Items from a dataset
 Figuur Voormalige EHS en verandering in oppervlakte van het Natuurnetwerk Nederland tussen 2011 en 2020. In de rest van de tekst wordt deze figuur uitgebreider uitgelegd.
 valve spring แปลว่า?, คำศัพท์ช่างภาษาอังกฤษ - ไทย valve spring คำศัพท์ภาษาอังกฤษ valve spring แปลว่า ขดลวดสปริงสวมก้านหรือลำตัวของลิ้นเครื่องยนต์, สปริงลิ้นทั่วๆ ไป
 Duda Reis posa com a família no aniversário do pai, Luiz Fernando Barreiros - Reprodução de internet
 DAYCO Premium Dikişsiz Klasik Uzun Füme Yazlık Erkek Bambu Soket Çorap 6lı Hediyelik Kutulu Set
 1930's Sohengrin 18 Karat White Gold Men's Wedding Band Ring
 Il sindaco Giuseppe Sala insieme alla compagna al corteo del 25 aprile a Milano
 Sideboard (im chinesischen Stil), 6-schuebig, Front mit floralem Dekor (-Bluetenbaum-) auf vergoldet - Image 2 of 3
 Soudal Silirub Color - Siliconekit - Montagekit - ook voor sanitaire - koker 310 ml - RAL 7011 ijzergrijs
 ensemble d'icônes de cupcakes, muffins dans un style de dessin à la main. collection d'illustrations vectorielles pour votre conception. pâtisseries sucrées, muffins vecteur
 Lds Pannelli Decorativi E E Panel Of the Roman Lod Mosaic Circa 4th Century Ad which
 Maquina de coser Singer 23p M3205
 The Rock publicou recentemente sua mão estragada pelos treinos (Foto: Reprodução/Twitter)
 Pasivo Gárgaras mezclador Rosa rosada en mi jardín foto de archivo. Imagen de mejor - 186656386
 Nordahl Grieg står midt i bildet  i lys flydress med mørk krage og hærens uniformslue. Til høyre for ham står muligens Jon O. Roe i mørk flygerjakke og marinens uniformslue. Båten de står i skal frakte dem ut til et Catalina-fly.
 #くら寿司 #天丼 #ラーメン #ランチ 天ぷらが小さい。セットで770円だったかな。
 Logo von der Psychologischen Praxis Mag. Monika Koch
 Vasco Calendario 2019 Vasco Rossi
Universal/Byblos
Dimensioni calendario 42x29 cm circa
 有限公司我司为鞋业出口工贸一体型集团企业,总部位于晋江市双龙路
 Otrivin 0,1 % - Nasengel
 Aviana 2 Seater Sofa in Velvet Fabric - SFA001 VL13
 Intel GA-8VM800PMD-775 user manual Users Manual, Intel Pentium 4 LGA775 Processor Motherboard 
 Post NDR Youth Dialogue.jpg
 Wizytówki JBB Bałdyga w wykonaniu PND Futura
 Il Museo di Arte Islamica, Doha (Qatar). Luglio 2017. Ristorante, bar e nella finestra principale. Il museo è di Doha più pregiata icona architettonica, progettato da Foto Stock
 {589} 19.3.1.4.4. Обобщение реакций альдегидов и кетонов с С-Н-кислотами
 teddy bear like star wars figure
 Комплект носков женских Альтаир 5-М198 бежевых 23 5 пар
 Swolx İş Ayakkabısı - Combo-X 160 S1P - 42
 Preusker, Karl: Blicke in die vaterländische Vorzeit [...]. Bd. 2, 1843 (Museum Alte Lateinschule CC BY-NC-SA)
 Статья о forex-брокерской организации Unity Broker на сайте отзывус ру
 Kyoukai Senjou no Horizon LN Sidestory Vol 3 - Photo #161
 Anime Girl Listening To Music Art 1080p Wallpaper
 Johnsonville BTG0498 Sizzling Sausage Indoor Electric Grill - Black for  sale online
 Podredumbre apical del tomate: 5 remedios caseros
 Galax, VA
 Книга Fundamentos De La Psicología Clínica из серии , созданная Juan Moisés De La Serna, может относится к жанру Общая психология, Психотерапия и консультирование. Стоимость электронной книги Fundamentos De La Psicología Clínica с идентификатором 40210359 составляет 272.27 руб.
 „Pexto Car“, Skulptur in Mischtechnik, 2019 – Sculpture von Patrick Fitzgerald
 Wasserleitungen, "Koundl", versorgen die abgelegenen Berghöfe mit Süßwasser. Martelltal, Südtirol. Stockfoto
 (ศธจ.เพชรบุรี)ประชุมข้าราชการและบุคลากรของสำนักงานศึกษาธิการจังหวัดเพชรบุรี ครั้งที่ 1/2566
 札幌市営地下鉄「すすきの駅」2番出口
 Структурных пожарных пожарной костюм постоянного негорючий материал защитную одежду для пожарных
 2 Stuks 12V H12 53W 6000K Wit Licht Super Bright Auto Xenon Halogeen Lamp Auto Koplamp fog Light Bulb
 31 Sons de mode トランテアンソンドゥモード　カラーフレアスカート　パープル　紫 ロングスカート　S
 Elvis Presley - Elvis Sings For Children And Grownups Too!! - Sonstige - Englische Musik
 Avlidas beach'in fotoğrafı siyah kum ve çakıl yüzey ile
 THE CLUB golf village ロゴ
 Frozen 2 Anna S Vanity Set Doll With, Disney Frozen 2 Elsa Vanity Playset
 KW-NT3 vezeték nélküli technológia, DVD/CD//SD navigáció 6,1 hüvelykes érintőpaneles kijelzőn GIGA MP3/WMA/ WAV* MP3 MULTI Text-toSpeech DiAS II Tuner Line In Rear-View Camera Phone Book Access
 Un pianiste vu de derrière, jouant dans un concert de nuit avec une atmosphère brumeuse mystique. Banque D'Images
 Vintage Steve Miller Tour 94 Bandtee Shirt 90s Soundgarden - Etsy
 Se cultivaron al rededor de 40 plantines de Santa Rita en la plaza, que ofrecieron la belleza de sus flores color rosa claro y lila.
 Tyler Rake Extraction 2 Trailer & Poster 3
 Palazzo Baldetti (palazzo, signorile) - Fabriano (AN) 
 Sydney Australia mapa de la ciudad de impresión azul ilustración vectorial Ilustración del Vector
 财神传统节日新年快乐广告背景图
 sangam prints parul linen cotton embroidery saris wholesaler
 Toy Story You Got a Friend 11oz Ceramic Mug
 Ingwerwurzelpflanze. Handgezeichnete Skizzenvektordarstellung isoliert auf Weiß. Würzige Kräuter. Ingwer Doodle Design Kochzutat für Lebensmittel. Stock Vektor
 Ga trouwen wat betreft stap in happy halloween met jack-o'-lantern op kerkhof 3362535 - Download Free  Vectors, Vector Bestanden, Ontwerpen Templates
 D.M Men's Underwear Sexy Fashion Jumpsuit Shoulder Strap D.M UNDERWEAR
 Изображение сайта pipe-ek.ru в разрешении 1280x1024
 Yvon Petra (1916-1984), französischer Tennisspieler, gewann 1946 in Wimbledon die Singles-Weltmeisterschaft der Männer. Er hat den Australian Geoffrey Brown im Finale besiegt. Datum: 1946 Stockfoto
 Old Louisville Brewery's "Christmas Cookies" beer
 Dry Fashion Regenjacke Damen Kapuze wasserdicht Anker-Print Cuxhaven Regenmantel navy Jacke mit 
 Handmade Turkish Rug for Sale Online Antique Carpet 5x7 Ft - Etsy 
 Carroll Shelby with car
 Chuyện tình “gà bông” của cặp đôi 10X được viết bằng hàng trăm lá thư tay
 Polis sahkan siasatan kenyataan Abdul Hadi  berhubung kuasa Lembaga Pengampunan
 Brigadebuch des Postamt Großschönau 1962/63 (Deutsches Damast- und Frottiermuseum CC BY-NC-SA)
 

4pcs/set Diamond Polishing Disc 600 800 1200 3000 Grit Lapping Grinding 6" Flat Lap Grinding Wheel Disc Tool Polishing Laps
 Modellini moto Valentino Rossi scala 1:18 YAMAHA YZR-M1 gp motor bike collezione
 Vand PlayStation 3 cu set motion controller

▶ Problem description
Extract the lines above, from the first one through the one containing "1930's Sohengrin 18", and return only those, unchanged.

▶ Solution to this exercise
 Figuur Voormalige EHS en verandering in oppervlakte van het Natuurnetwerk Nederland tussen 2011 en 2020. In de rest van de tekst wordt deze figuur uitgebreider uitgelegd.
 valve spring แปลว่า?, คำศัพท์ช่างภาษาอังกฤษ - ไทย valve spring คำศัพท์ภาษาอังกฤษ valve spring แปลว่า ขดลวดสปริงสวมก้านหรือลำตัวของลิ้นเครื่องยนต์, สปริงลิ้นทั่วๆ ไป
 Duda Reis posa com a família no aniversário do pai, Luiz Fernando Barreiros - Reprodução de internet
 DAYCO Premium Dikişsiz Klasik Uzun Füme Yazlık Erkek Bambu Soket Çorap 6lı Hediyelik Kutulu Set
 1930's Sohengrin 18 Karat White Gold Men's Wedding Band Ring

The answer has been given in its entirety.